Given the definition laid out in the last paragraph, self-interest is a symptom of the state of affairs in the United States today. The word “United” no longer applies to the Union. An outspoken advocate of this idea is Joseph Stigler, who takes to task the one percent of the population that has more than its share and has no interest in unification. Stigler published a synopsis of his book ‘The Price of Inequality’ in the May 2012 edition of Vanity Fair. Visit the following website:

http://www.vanityfair.com/politics/2012/05/joseph-stiglitz-the-price-on-inequality

Please read the article because it presents material quite relevant to this post.

How can fairness force a retreat from self-interest to a balance of self-interest in behalf of unity? Stigler suggests that sustained self-interest leads to economic failure. In this scenario everyone loses. Stigler suggests redistribution of excess through taxation. Increasing taxes certainly gives clout to fairness. Mentioning taxes obviously involves the government as a major factor for maintaining fairness. The plight of the citizen dealing with all the governments in the United States has been a lament of other posts and will not be pursued. One need only say the Government is not interested in fairness.

It is sensible that a democratic government plays the role of arbiter in many areas of the economy. The government must look after the supply-demand (GDP) relationship; the government must look after the affect of international economics; the government must balance the wealth of the nation to the benefit of all citizens. It is a fact that fairness has no force to balance the economy without the cooperation of government. Efforts of charitable nonprofit organizations to adjust fairness will never be robust enough to change the self-interest culture.

However, the government can only do so much.
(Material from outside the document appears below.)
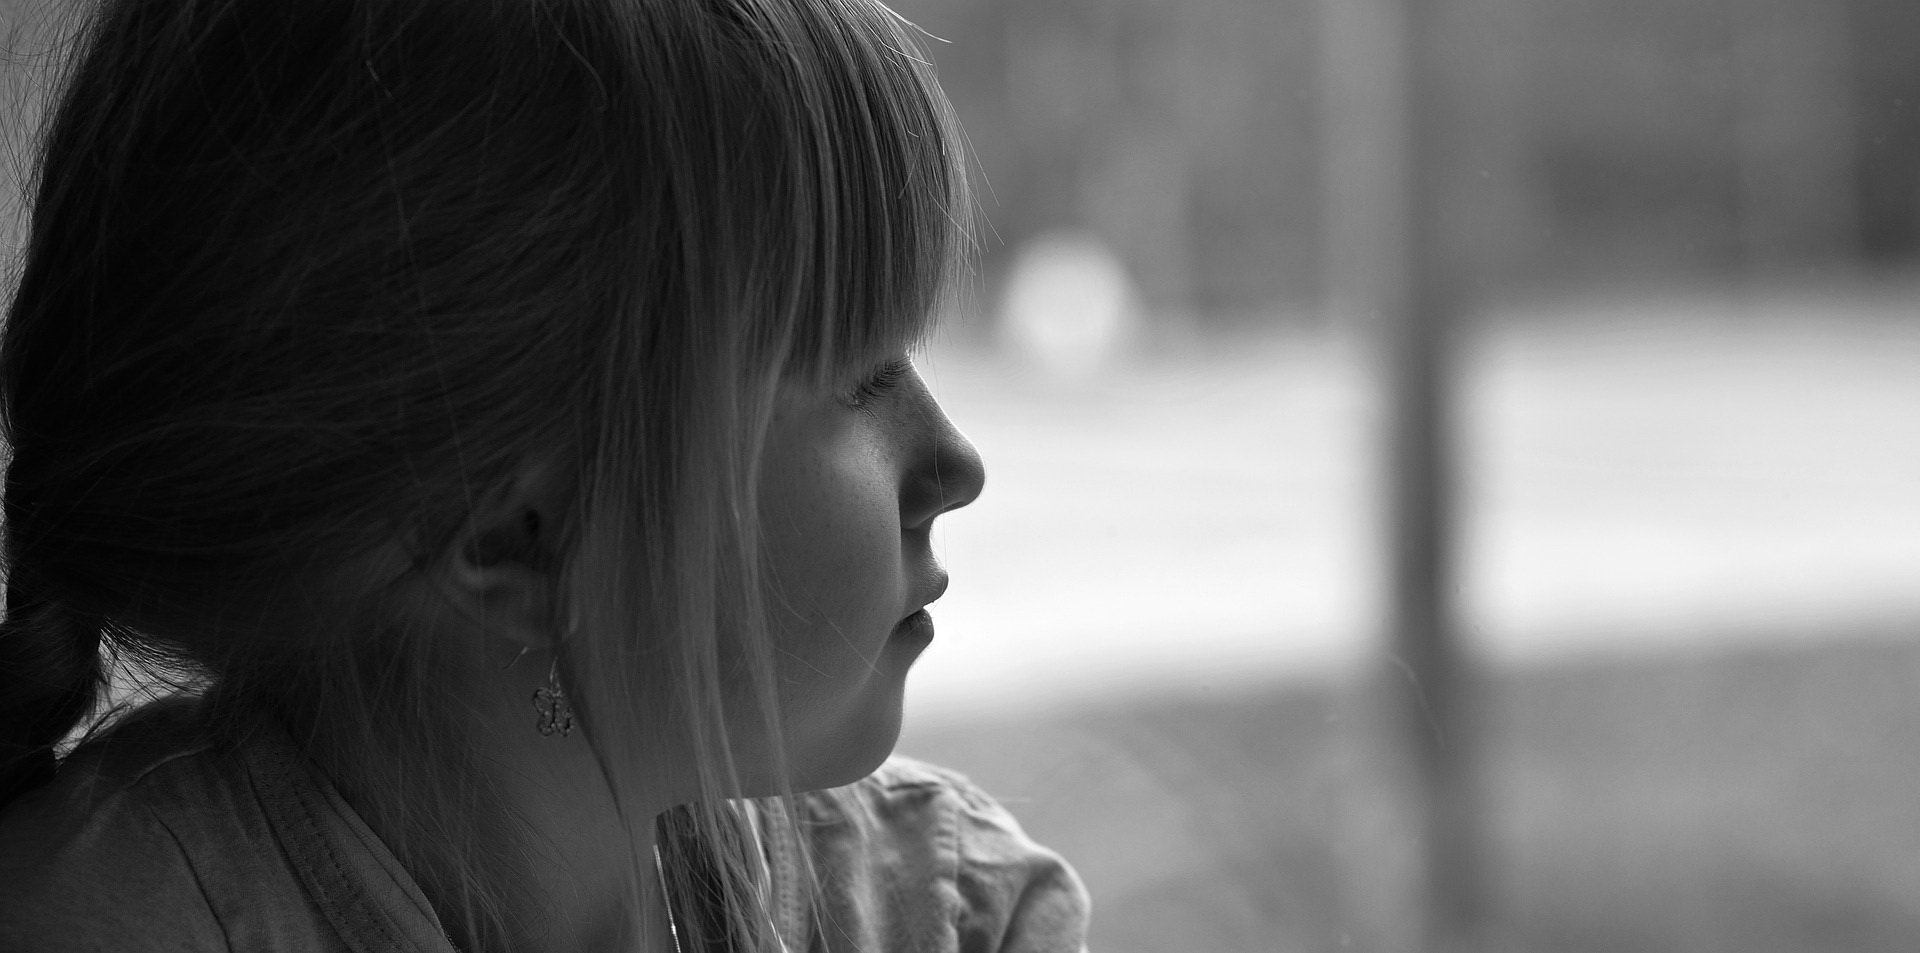 Problemy dziecka w kontaktach z rówieśnikami. problemy społeczne dziecka

Like Hollywood movies, the government reflects culture. The citizenry – all the citizenry including the one percent – must have a culture that is empathetic about the commonality not only of all people but all things. Lacking this empathy, as the United States culture does today, fairness has no substance. Fairness is more than tweaking economic regulations. The government needs a citizenry that has spirituality. Without spirituality, it is difficult to care about education, global warming, those that are in financial need, equal rights under law, and it is impossible to have a sense of unity as a nation.

The American citizen, rich and poor, is too sophisticated to simply be greedy or simply be unmotivated. There must be a balance between the two heads – one does not work without the other. Pleonexia must be balanced.